Ampersand Confusion: "cannot generate system identifier for general entity"

I realise that I am meant to specify the ampersand as & and I have done exaclty that but it still comes up this the error.

I am specifying a list of links in XML and this is one of the links which the error report refers to:

<article name="Article 1" url=";p=4" color="green"/>

Anyway, as you can see, in the XML it is specified as & yet when I run the W3c validation check it still brings up the error.

When I look at the source code for the actual PHP page (which reads and displays the articles from the XML) it does not show & - instead it shows the actual symbol…

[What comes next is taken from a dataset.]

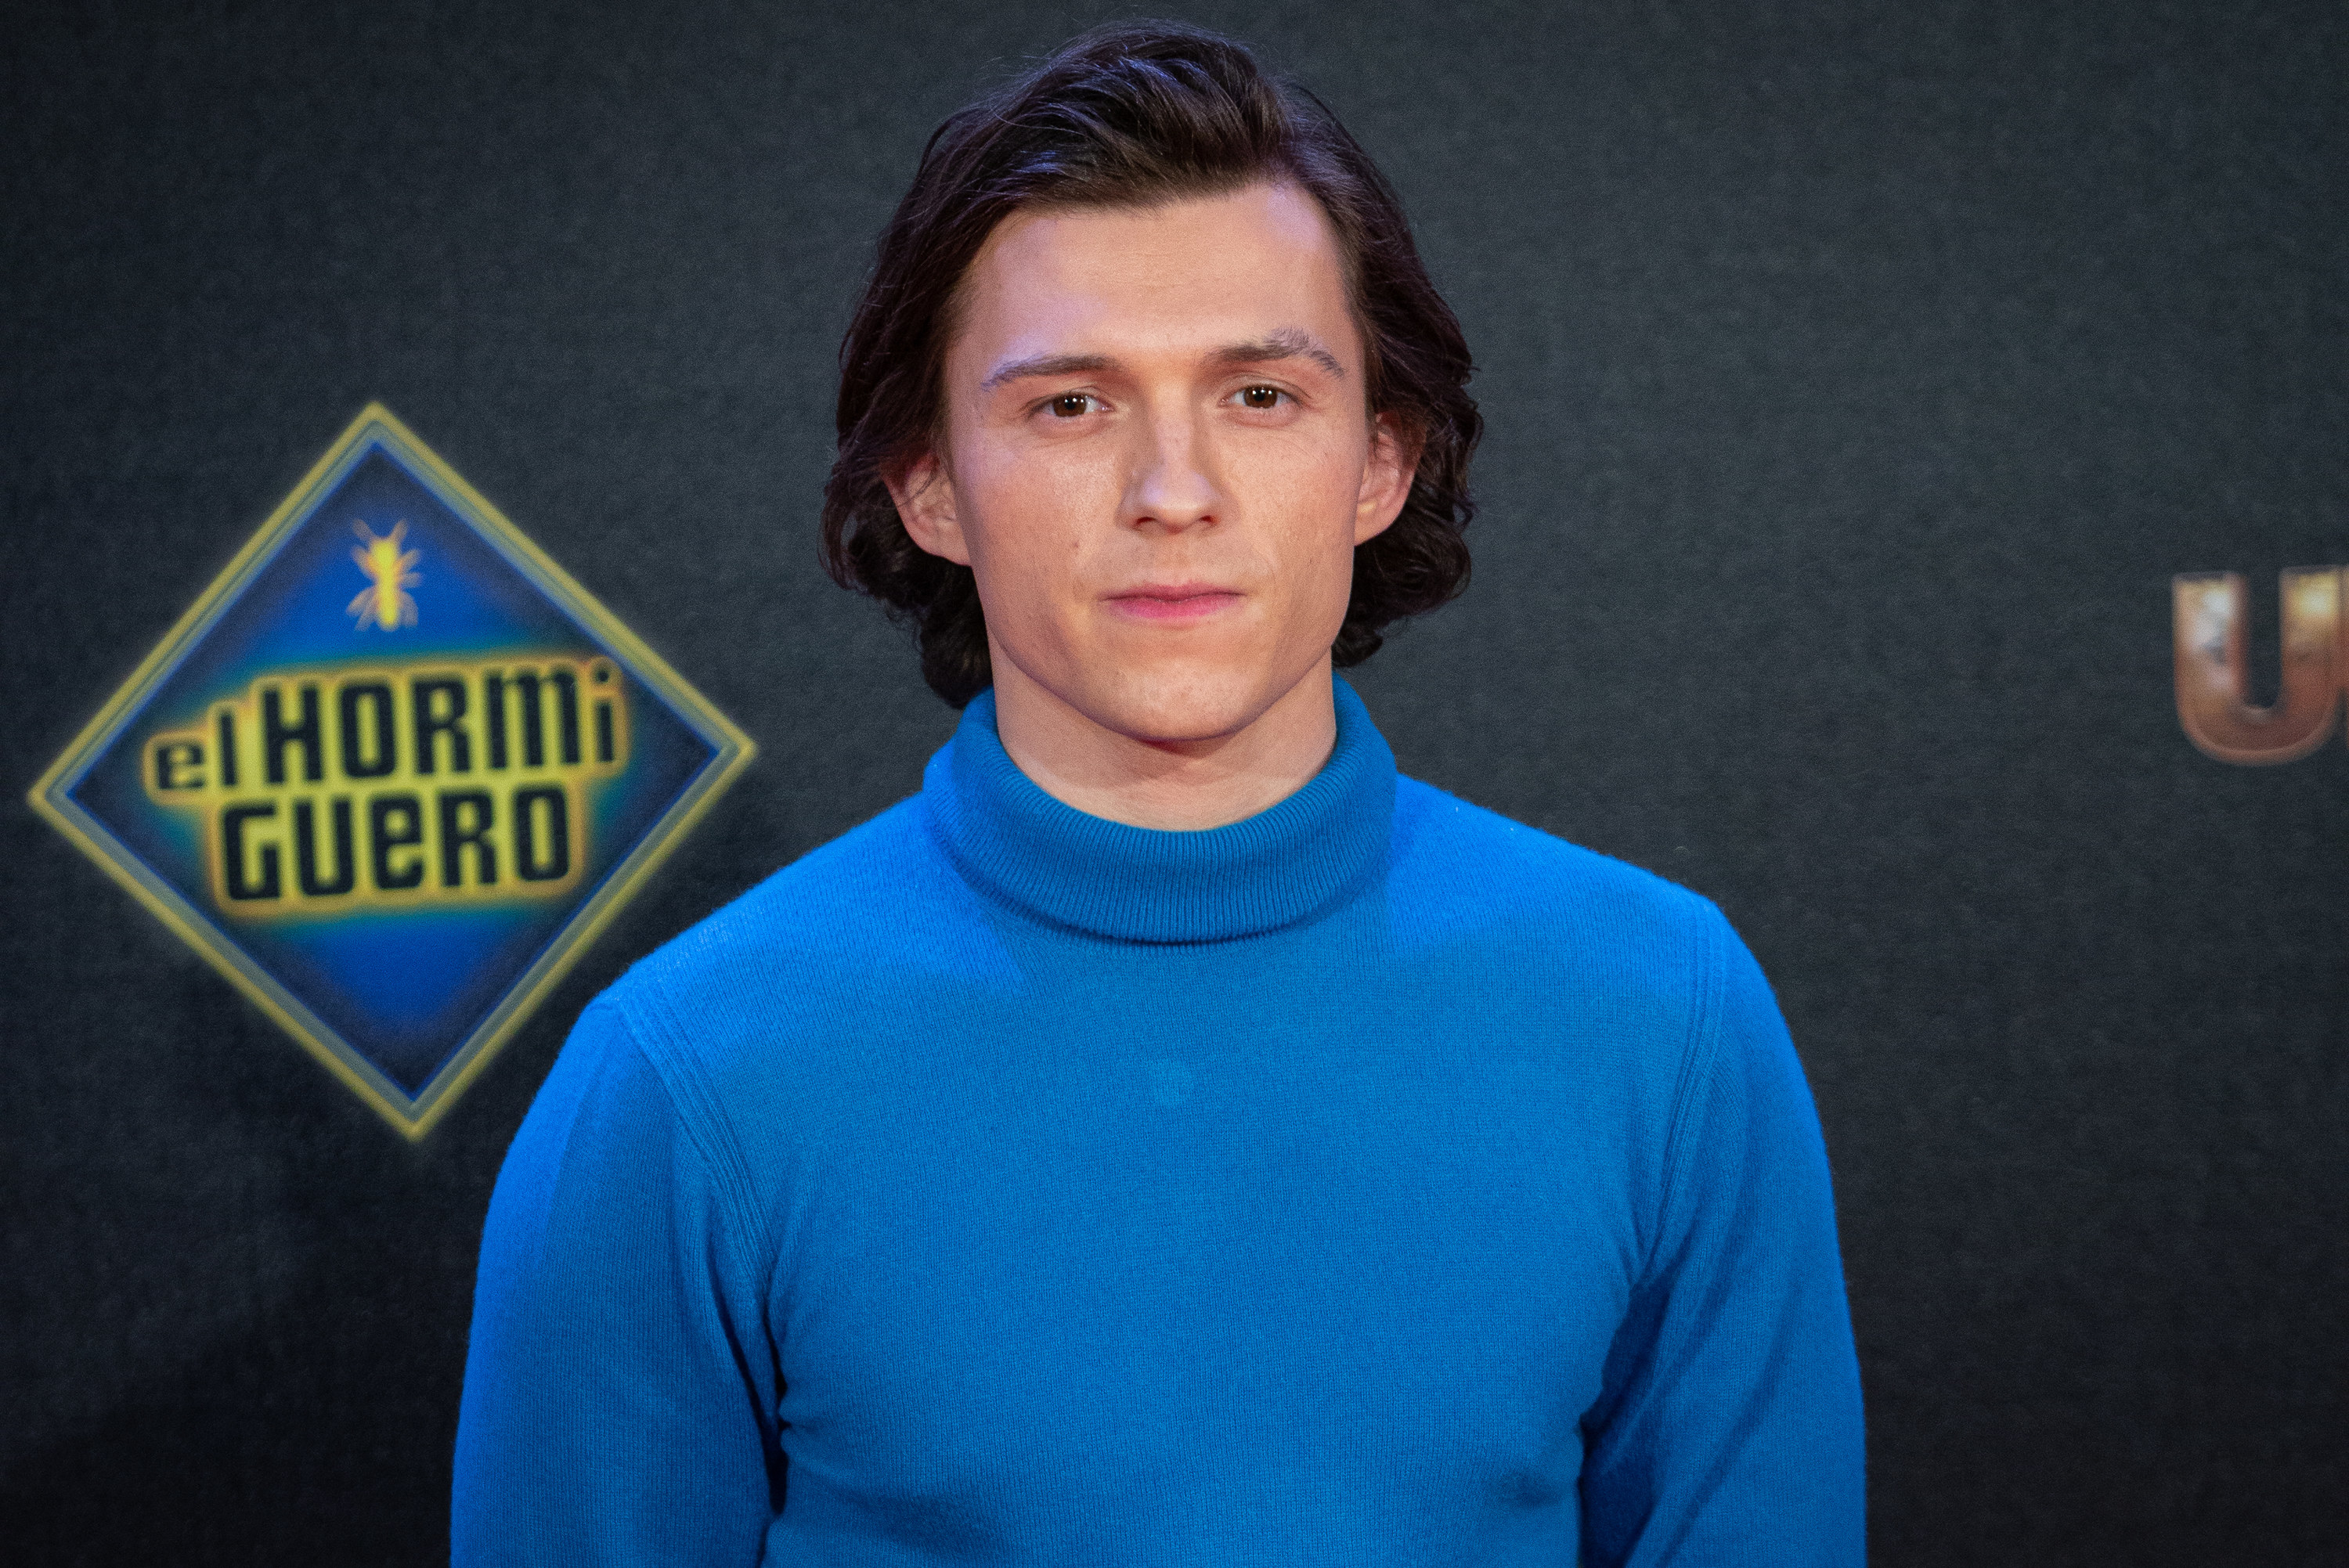 Tom poses for a picture while wearing a turtleneck

Something must be happening with the parsing of the XML…

Anyway - Does anyone know how to fix this issue so that it does not throw up an error???

Thank you :slight_smile:

You probably need to use a numerical entity reference here. I think it’s &#38; but I could be wrong.

“Article [space] 1” is not a valid value.

curses silently How did I miss that?

hangs head up in shame

How do you know that? Have you seen the DTD or XML Schema for this document? If the name attribute is defined as NAME or ID there are restrictions, but if it’s defined as CDATA the attribute value can contain any valid character.

The &amp; character entity is predefined in both HTML and XML, so it should always be safe to use. Using an NCR (&#38;#38;) as Dan suggests is also valid, but shouldn’t be necessary.

Tommy, vBulletin parses NCRs here, so you’ll have to type it out as &#38; as I did, but with the #38; part being duplicated.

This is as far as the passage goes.